- _AIM OF THE EXERCISE_
The full listing, word for word and free of images, is the expected result.
==== INFORMATION SHOWN ====
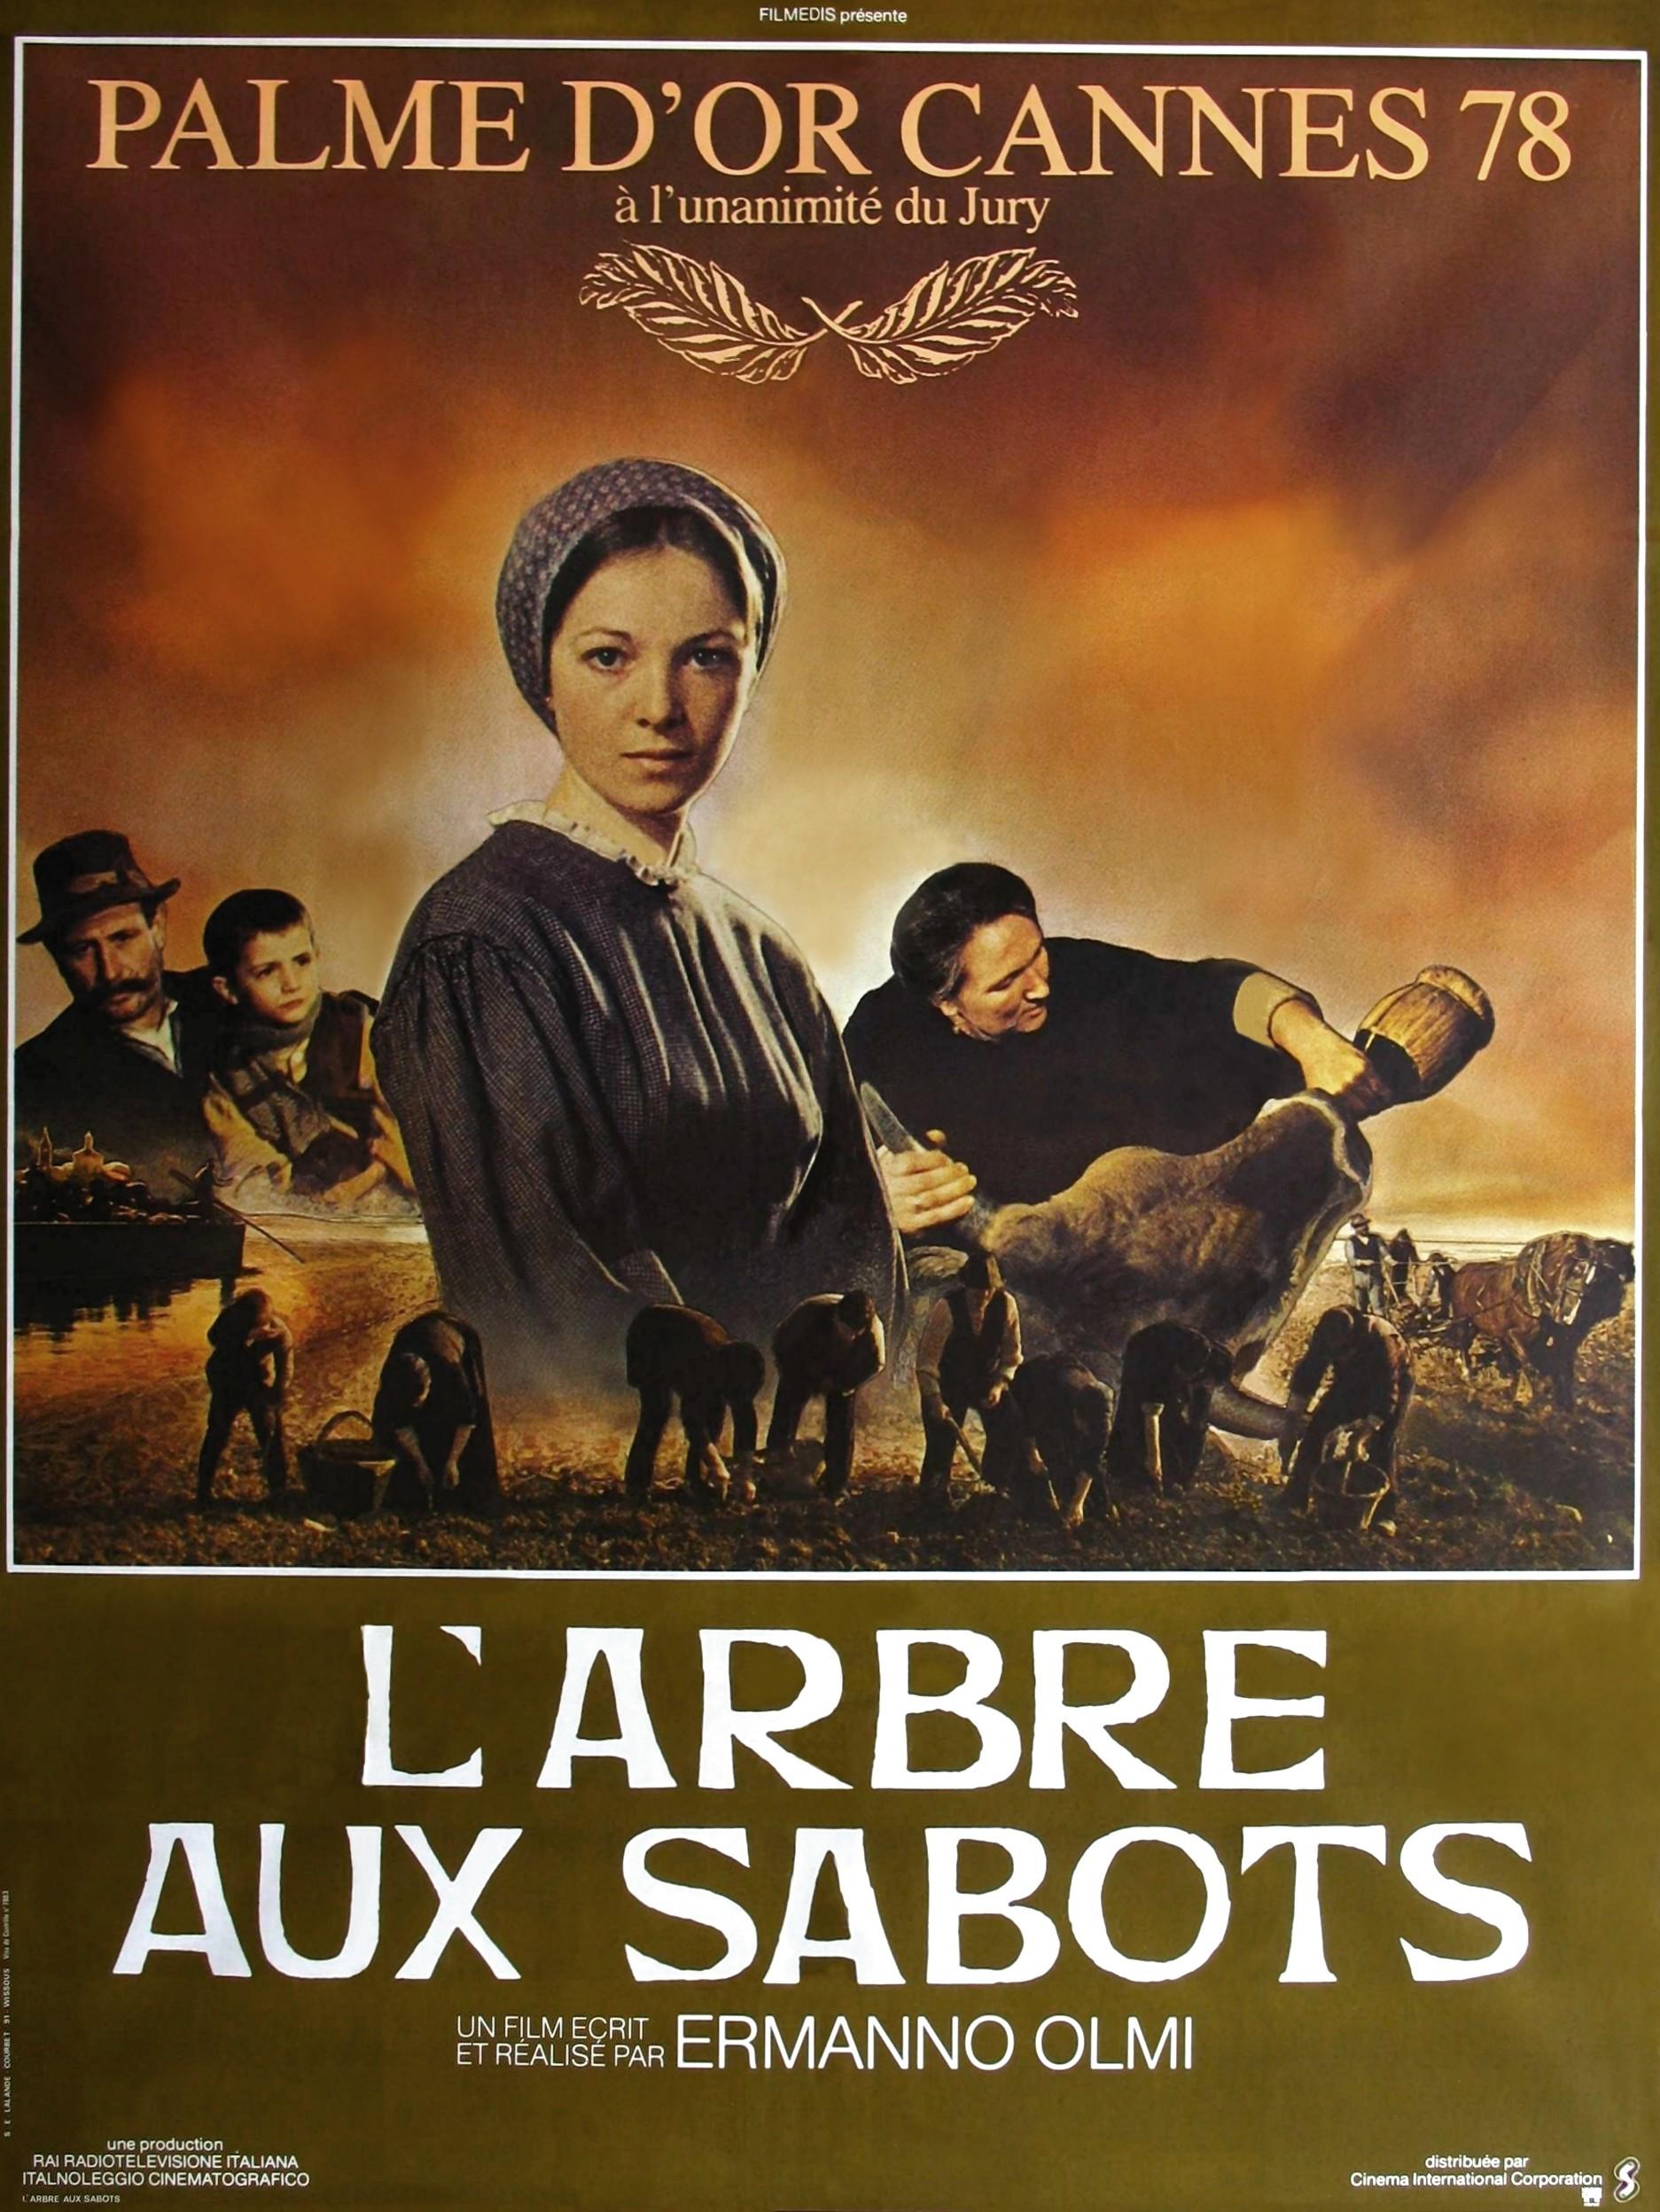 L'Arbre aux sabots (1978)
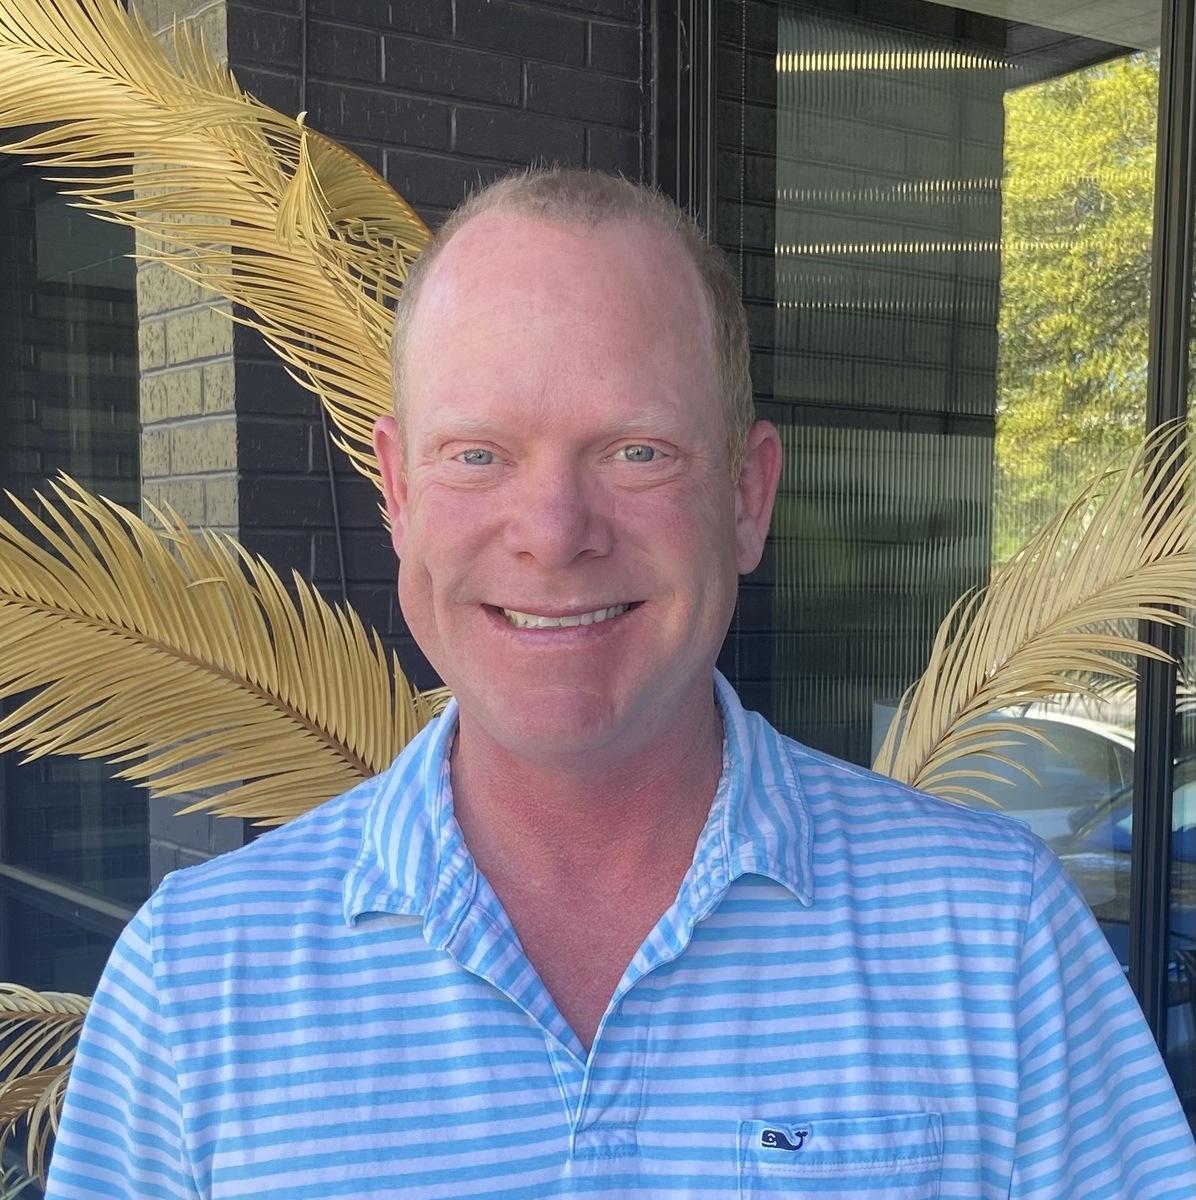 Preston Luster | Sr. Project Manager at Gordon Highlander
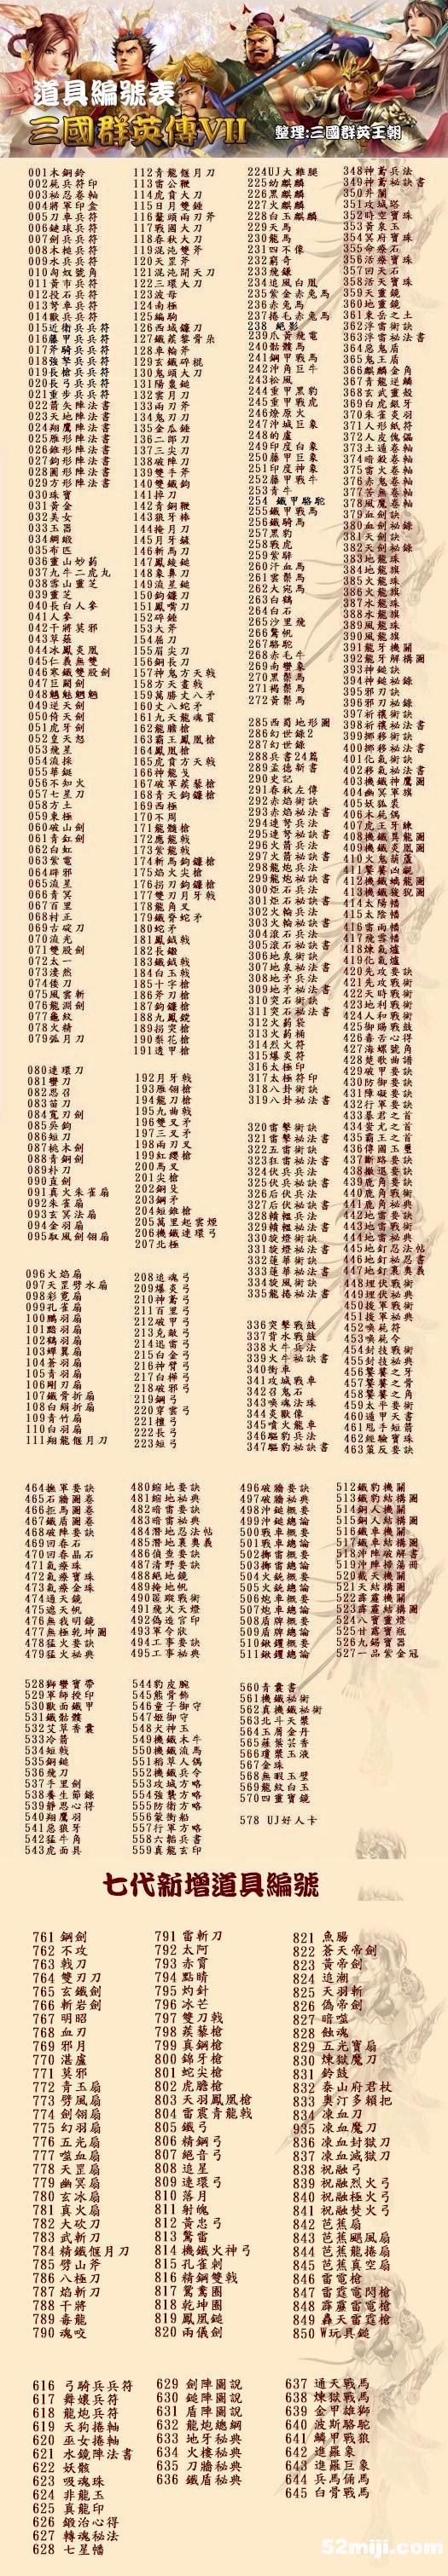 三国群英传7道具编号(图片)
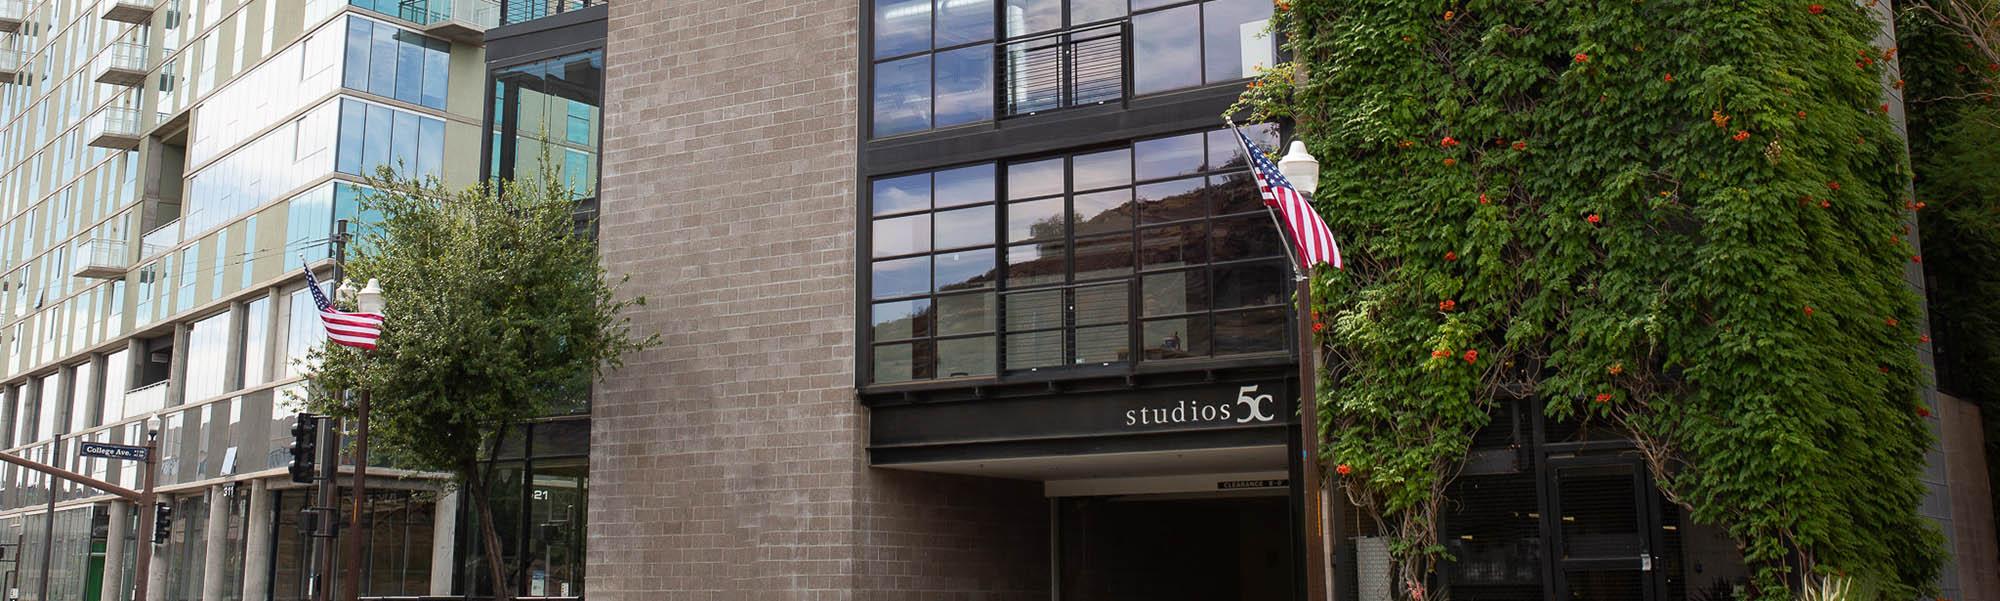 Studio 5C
====
- _WRITTEN RESPONSE_
 L'Arbre aux sabots (1978)
 Preston Luster | Sr. Project Manager at Gordon Highlander
 三国群英传7道具编号(图片)
 Studio 5C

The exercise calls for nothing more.